Apesar da mística – e das polêmicas –, o trabalho conquistou tais marcas em função de seu repertório. Cada uma das 12 músicas incluídas no tracklist parece ter vida própria. É justo, portanto, analisar “Appetite” faixa a faixa, incluindo declarações dos próprios integrantes do Guns extraídas das seguintes obras literárias:

Alguns trechos de declarações a veículos como Classic Rock Magazine, Hit Parader (via Ultimate Classic Rock), Guitar Edge e L.A. Weekly também foram utilizados.

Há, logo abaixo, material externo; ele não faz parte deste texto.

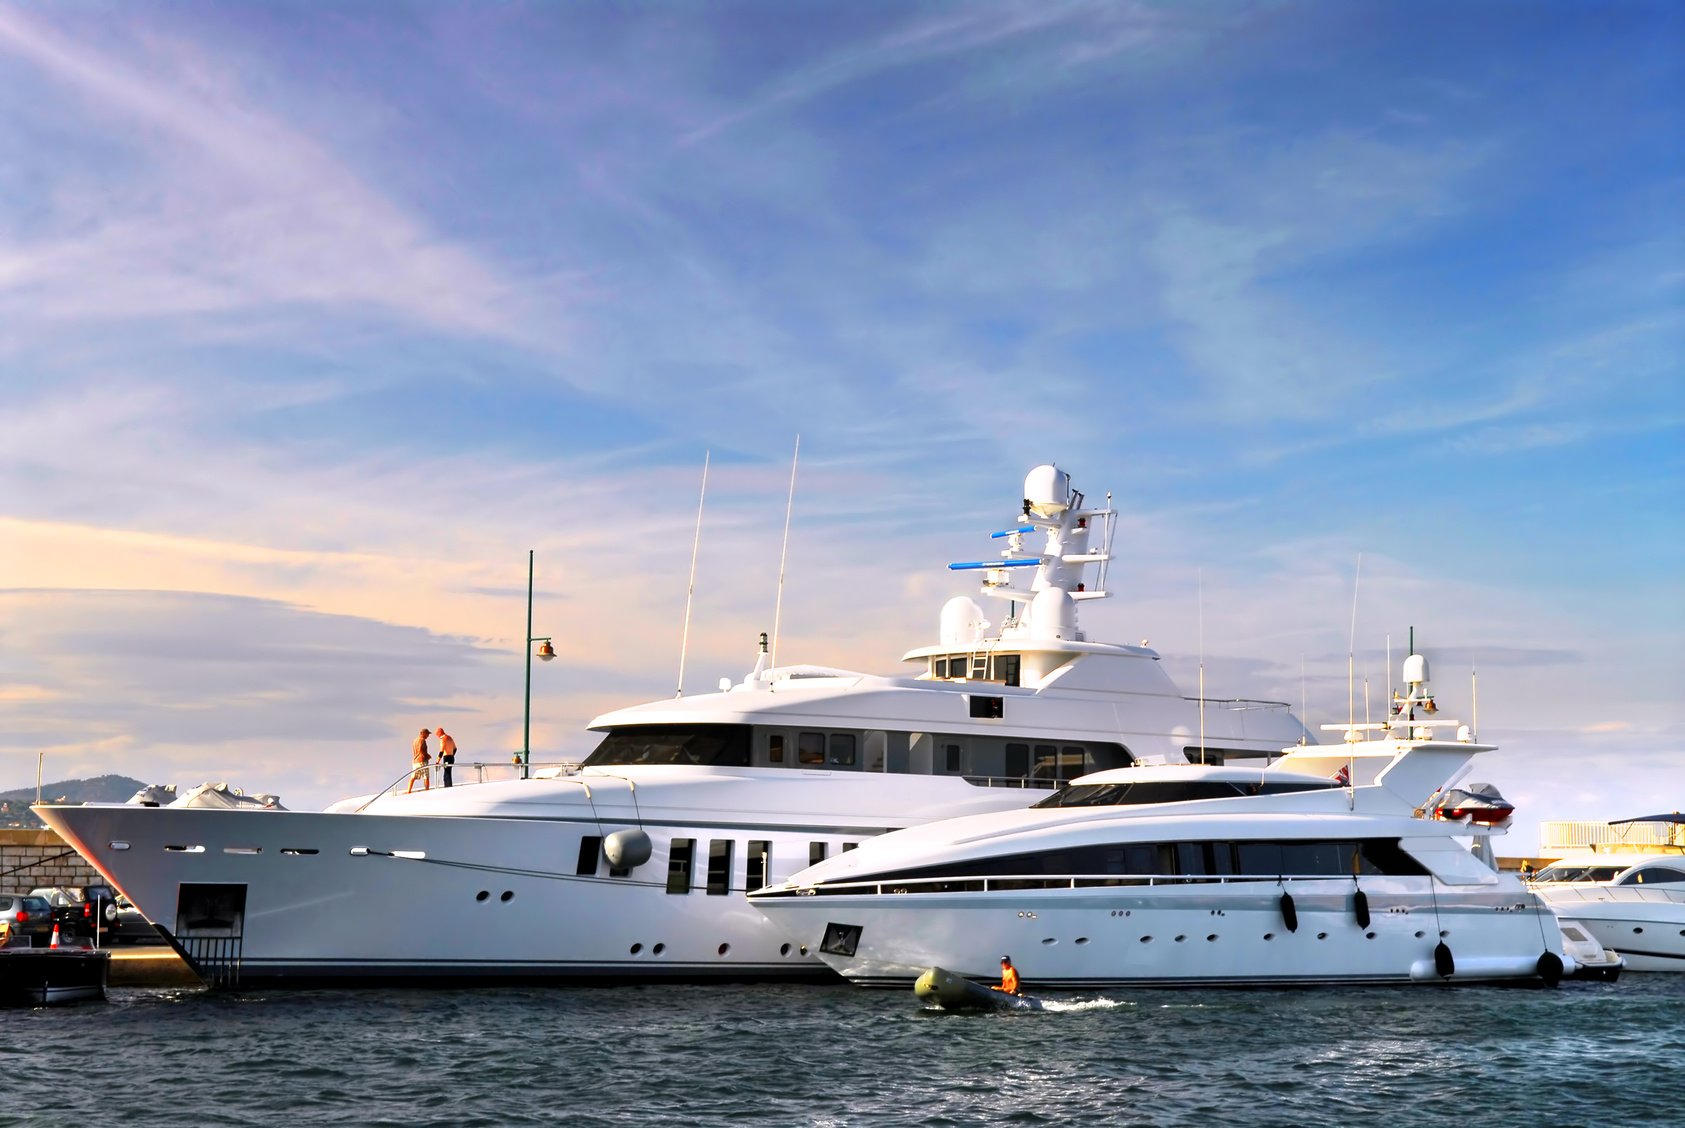 capri-yacht-charter-capri-yacht-rental-capri-boat-charter-capri-luxury-boat-capri-boat-hire-capri-boat-charter-capri-island-luxury-mega-yachts

“Appetite for Destruction”, do Guns N’ Roses, faixa a faixa

“Welcome to the Jungle”

Longe de casa durante a primeira e malfadada turnê do Guns N’ Roses pela Costa Oeste estadunidense — a ser conhecida como “Hell Tour” —, Axl Rose escreveu “Welcome to the Jungle”, uma crônica da Los Angeles que não é vista nos cartões-postais: um cenário de sexo, drogas e violência. O lado sombrio da cidade que muitas vezes é o que recebe os migrantes em busca de fama e fortuna.

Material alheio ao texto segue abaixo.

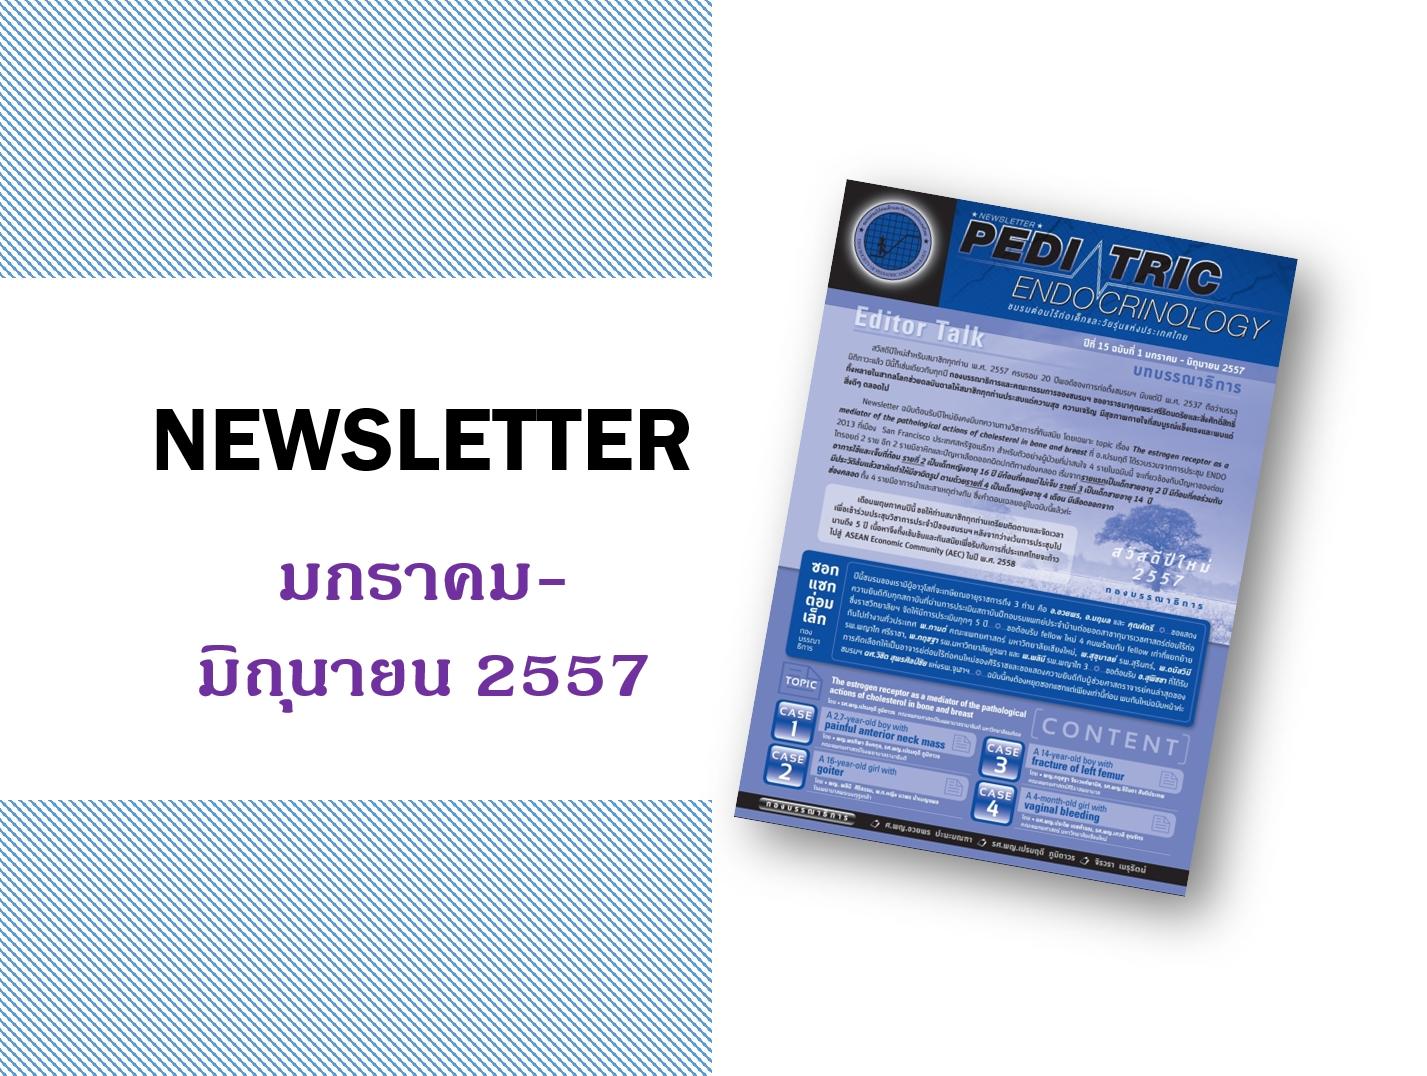 Newsletter มกราคม-มิถุนายน 2557

Curiosidade: Rose não foi o primeiro vocalista nascido em Indiana a escrever uma letra sobre o submundo de L.A. Em 1981, David Lee Roth escreveu “Mean Street”, faixa que abre o quarto álbum do Van Halen, “Fair Warning”, lançado naquele ano, relatando a própria experiência na cidade.

Axl Rose: Considero [“Welcome to the Jungle”] como sendo a [canção] mais representativa. Escrevi a letra em Seattle. É uma cidade grande, mas ao mesmo tempo ainda é uma cidade pequena se comparada com Los Angeles. O visual por lá é bem mais rural. Escrevi o que L.A. parecia para mim. Se alguém chega à cidade em busca de algo, encontrará aquilo que quiser.

Izzy Stradlin: Tem a ver com as ruas de Hollywood; é fiel à realidade.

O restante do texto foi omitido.